Since yesterday, we’ve been having issues with dedicated inference endpoints. We have two models continuously deployed on dedicated endpoints on an organization account.

Yesterday at 10.00 AM UTC the endpoints were suddenly paused, with the latest update attributed to “admin”. At the same time, the endpoints WebUI displayed the error: “There was an error while fetching your endpoints.”

I tried logging out and back in, at which point I was presented with an authorization screen, asking me to permit Inference Endpoints to access my (and the organization’s) HuggingFace account.

After granting access (~10.30 AM UTC) I was able to see the endpoints, and manually restart them. Both the WebUI and the Endpoints’ API continued to work fine yesterday.
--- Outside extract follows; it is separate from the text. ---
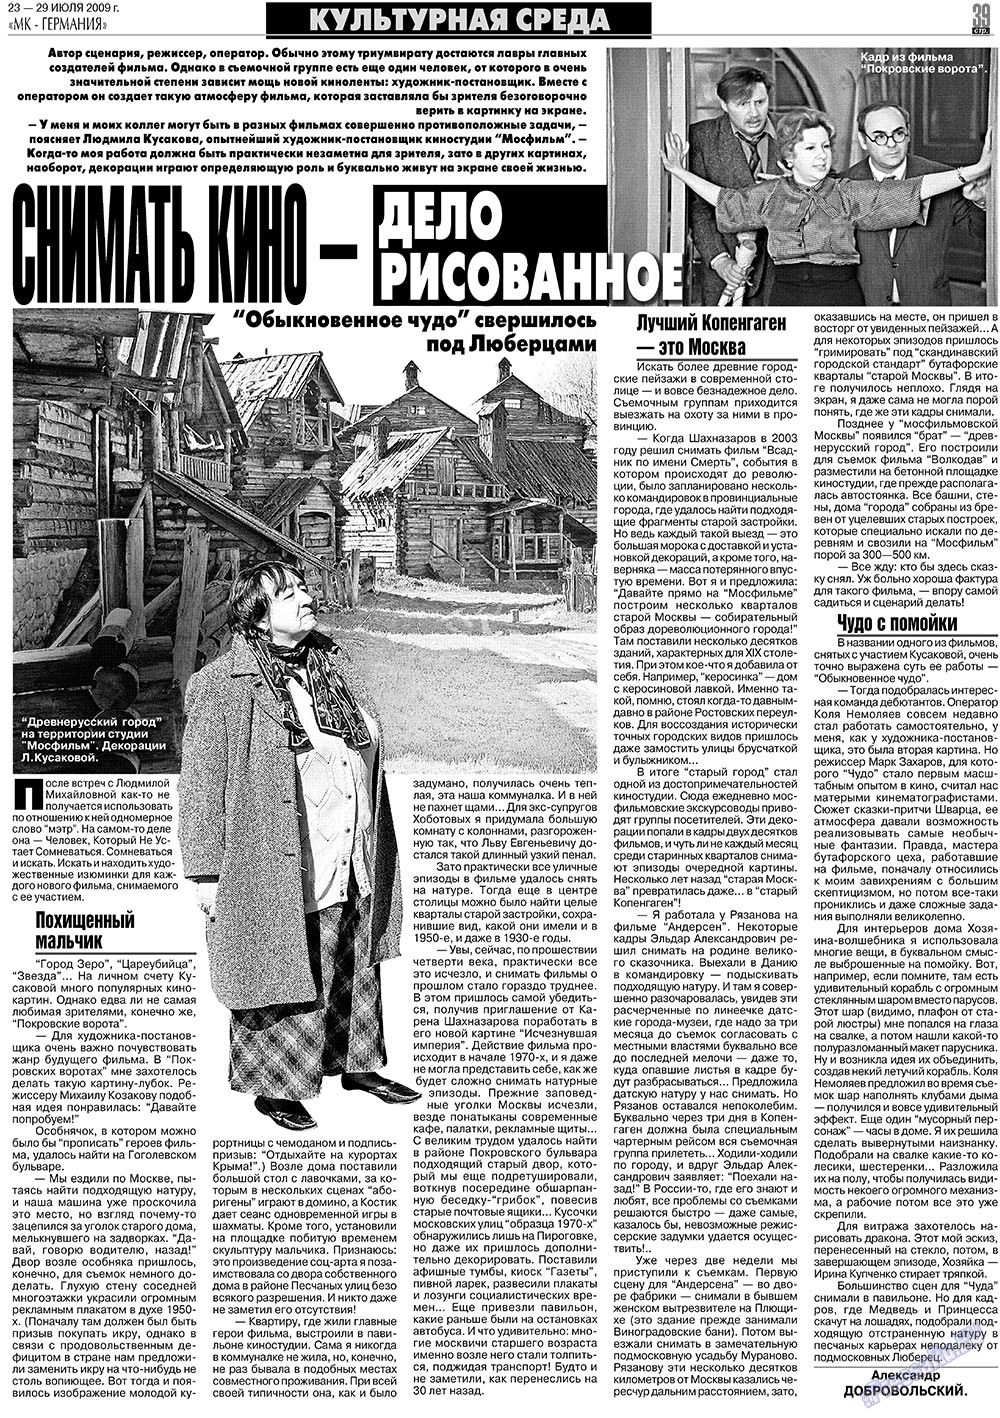 МК-Германия, газета. 2009 №30 стр.39

The WebUI was again rendered inaccessible today (seen at ~8.20 AM UTC), displaying the “There was an error while fetching your endpoints.” error on the organization’s dedicated endpoints. The issue seems to have resolved at ~8.50. This time, the endpoints were not paused but continued to work through the WebUI outage.

Additionally, each time I log out and log in again I’m always asked to authorize Inference Endpoints’ access to HuggingFace account data. Not sure how relevant the authorization issue is to the WebUI errors, could be just a coincidence.

Hi @nikos-ir thanks for reporting this! We had recently applied a change to our infrastructure that unfortunately impacted Endpoints - we’re very sorry for this disruption. We’ve since applied a fix and are looking at further solutions to help mitigate impacts like these in the future. Let us know if you’re still running into issues!

@meganariley You are still far away from running stable, see Inference API down? - #11 by nielsr

Please, provide Feedback to the users when you are fixing things and when you think things are fixed. It is really hard to give you reproducible bug reports when the production stage changes within minutes. Do the bug fixing on a separate stage before pushing it to production.